As the number of people returning home has increased, so has the targeting, Ferris said.
"We're hearing about some pretty direct threats–people getting phone calls or finding notes on their doors telling them they'll be harmed if they don't leave again. . . . But we're just getting individual anecdotes. It's still hard to say how widespread it is."
Brookings hasn't noticed that either sect–Sunni or Shiite–is being targeted more than the other, Ferris said. "I think it just depends on the neighborhood and who's in control."
At least some of the attacks targeting returnees may have more to do with simple economics than Iraq's sectarian divide. As families have fled, others have taken up their homes, often living rent-free in houses nicer than the ones they left. Understandably, Iraqis in that category are in no hurry to see mass returns.
"We think some of the attacks are probably coming from squatters who aren't ready to move out, so they try to scare people from coming back," said Capt. Thomas Melton of Shreveport, La., who oversees south Ghazaliyah as the commander of Troop A, 1st Squadron, 75th Cavalry Regiment. "It makes sense."
Even if the attacks aren't widespread, they may already be achieving their aim. Bassim Salman, a policeman who fled Baghdad's Furat neighborhood in 2005, said he was preparing to go back until he heard that some returnees' homes had been burned down.
"Just two days ago, I heard a man was killed in Furat while he was cleaning out his house to bring his family back," Bassim said. "They say it is safe to return.
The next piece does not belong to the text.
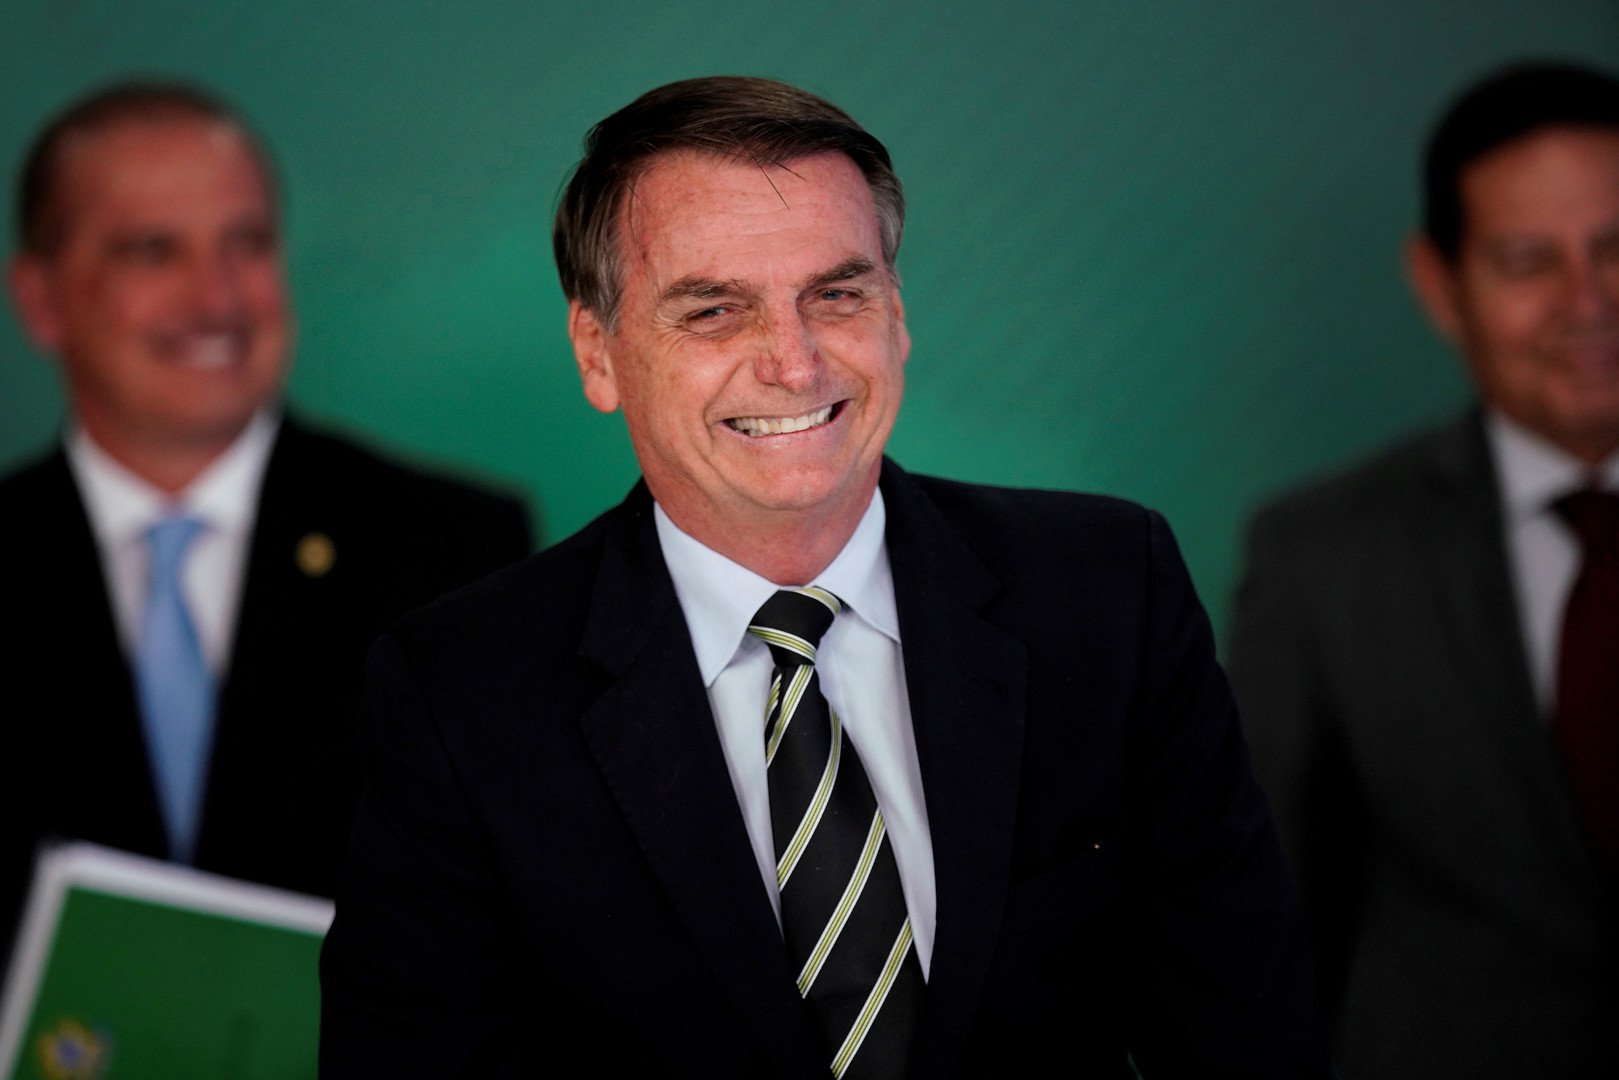 الرئيس البرازيلي يقيل ثالث وزير في غضون 6 أشهر

But I won't go."
Despite the uncertainty, the Iraqi government is shutting down camps for the displaced, offering money to those who go home and opening centers across Baghdad where families can register for help resettling.
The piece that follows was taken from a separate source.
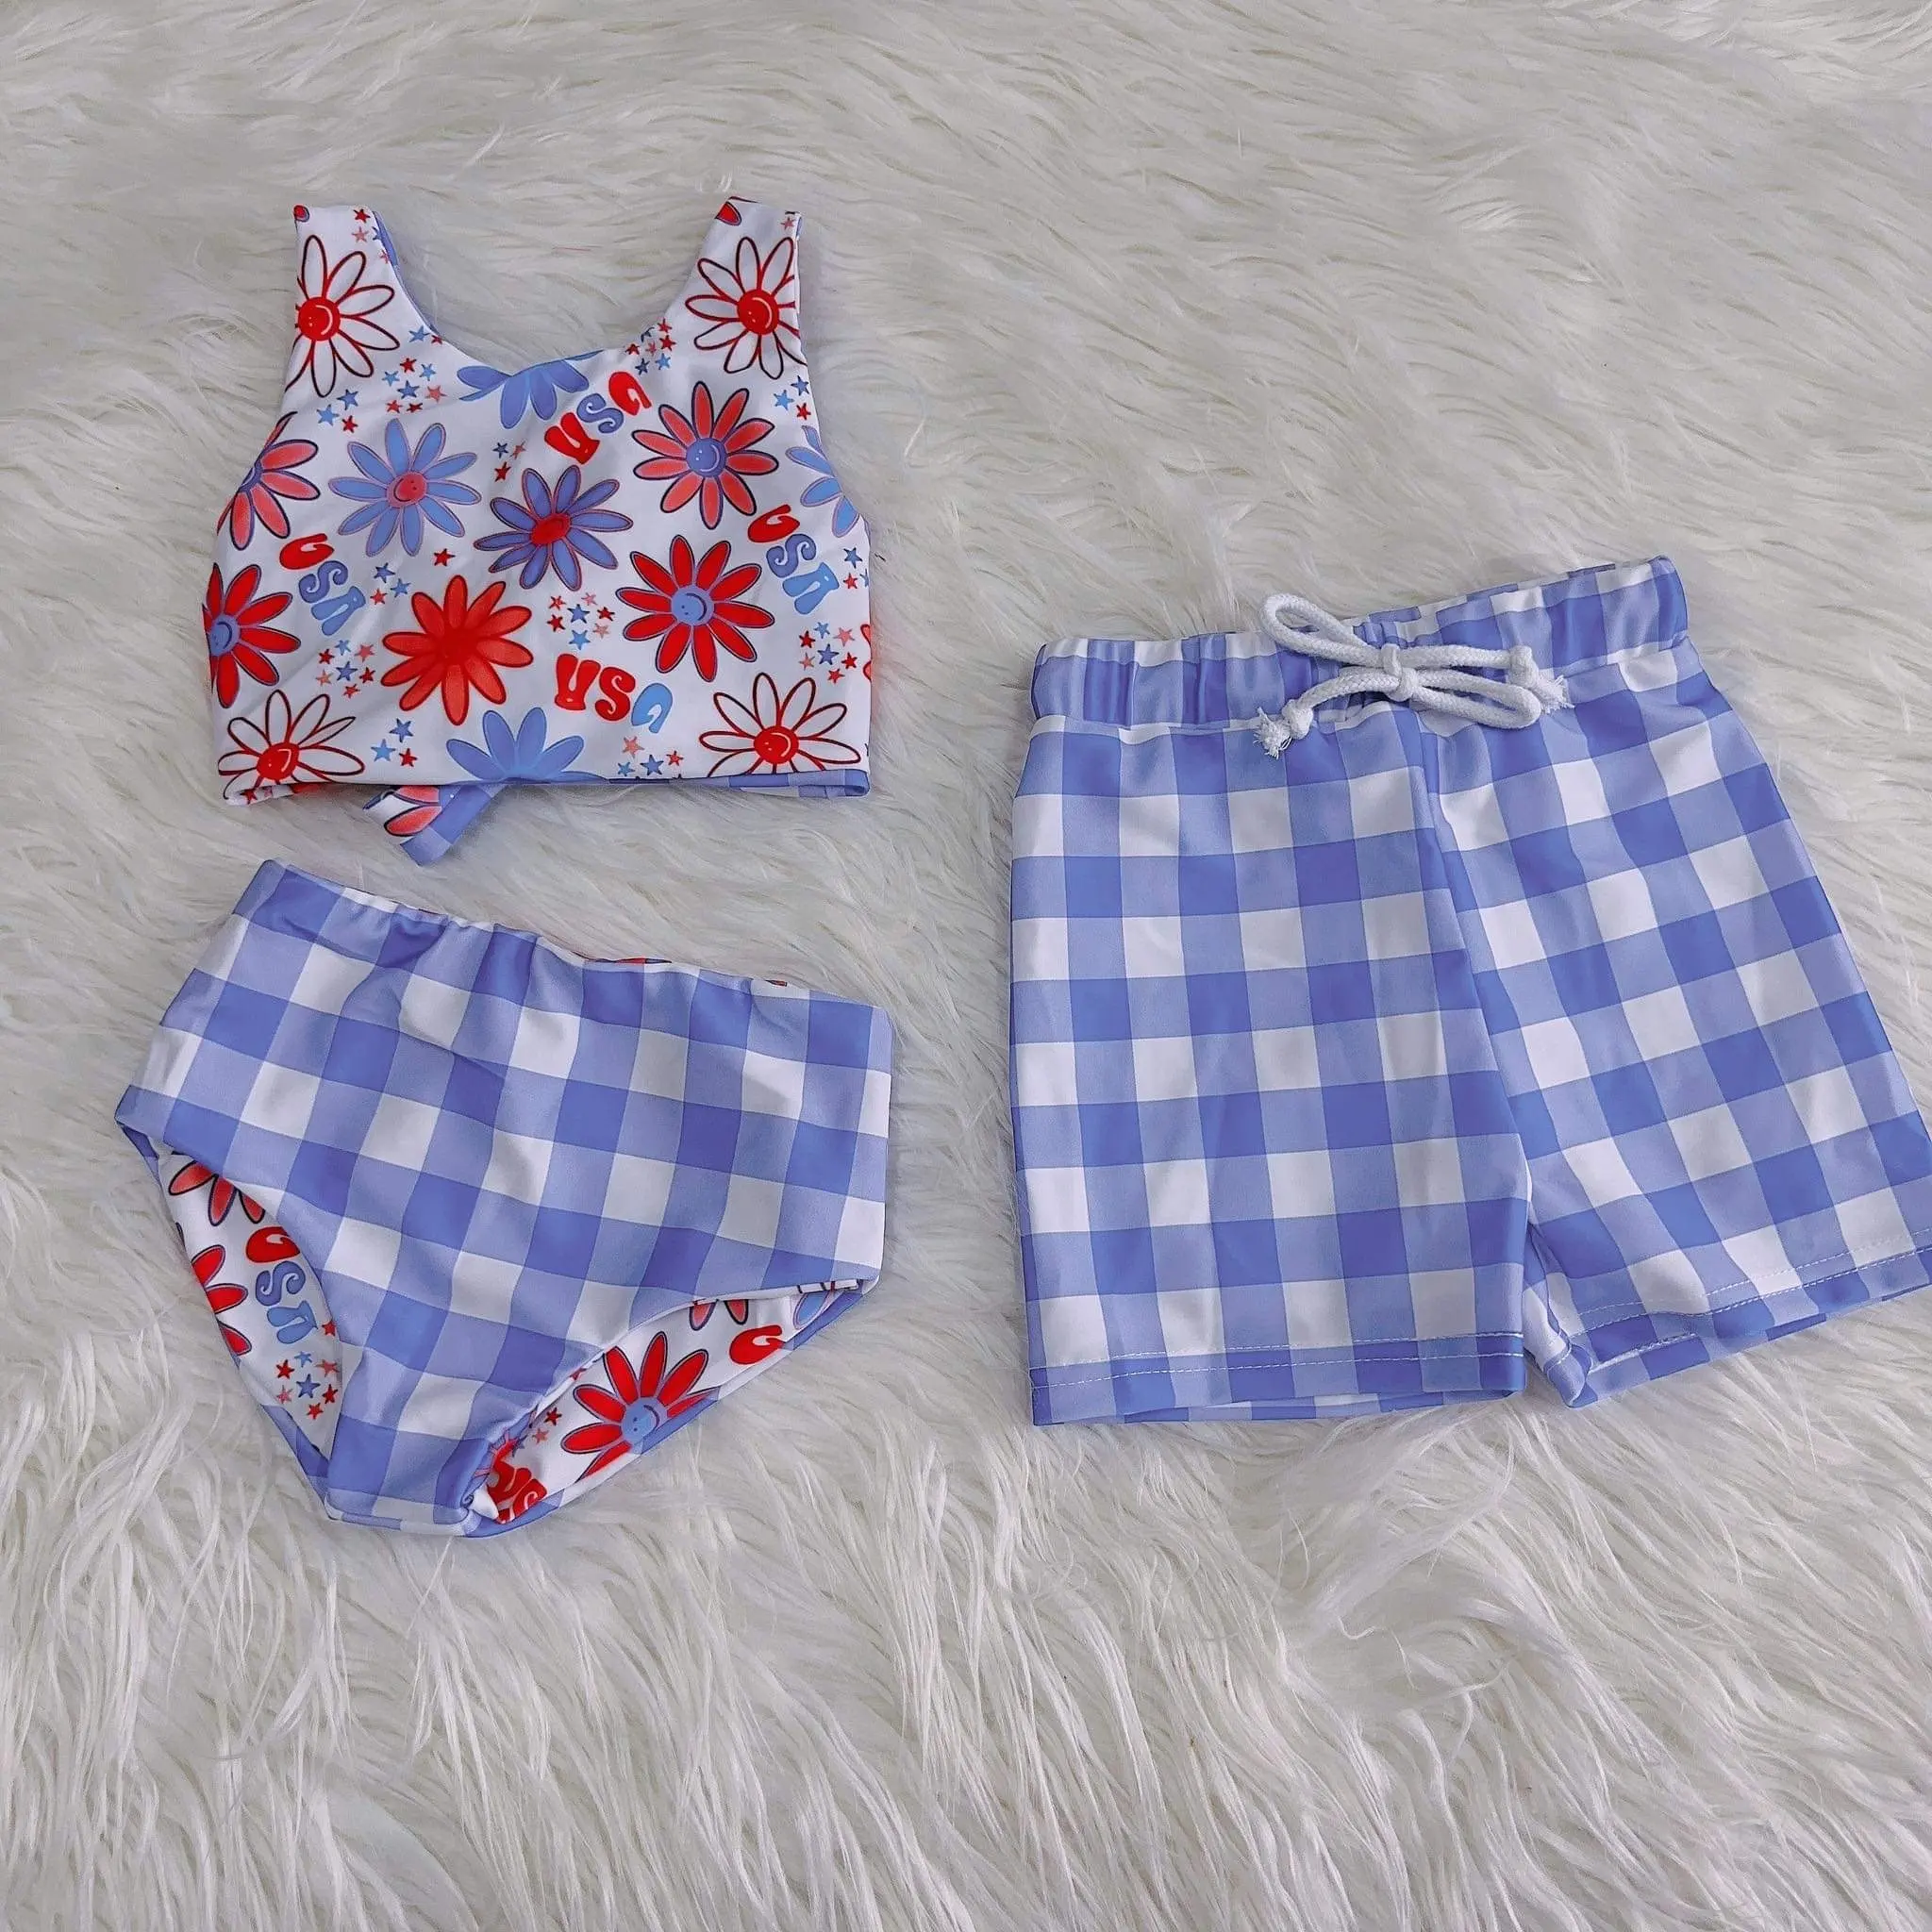 Vente chaude réversible imprimé été deux pièces maillots de bain Bikini ensemble bébé vêtements de natation enfants filles maillots de bain

On Sept. 1, Prime Minister Nouri al Maliki, a Shiite, ordered all squatters who've taken over homes of people who fled to get out.
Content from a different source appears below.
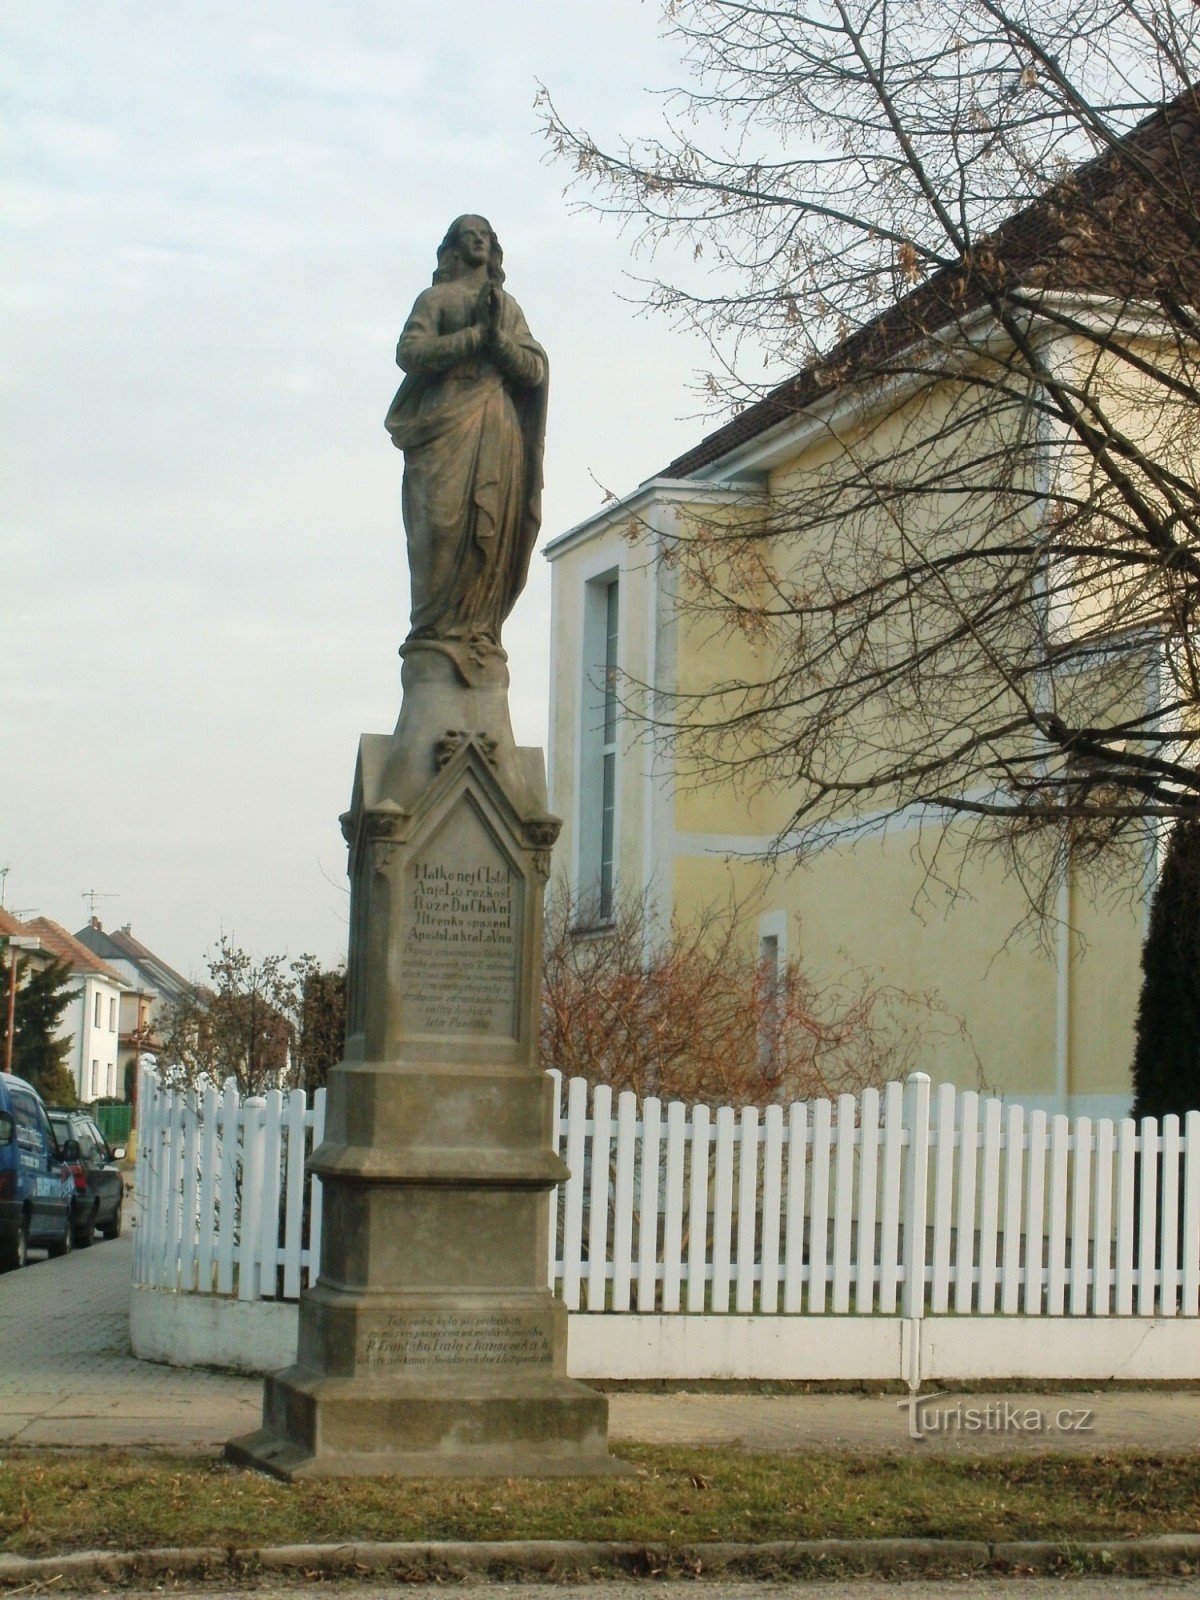 Nový Bydžov - um monumento com uma estátua de St. Virgem Maria

When they're evicted, however, some squatters can't afford to pay for new housing. Rents have risen substantially since many of them first fled, and unemployment across Iraq hovers around 50 percent.
In some cases, squatters can't return to the homes they left because other squatters have moved into them. Many say their neighborhoods still are too dangerous to go back.
"A lot of the people who have been forced out to make way for the people coming home are angry," said Tahseen al Sheikhly, Iraq's civilian spokesman for Baghdad security operations. "Sometimes when a home is blown up, it is for revenge."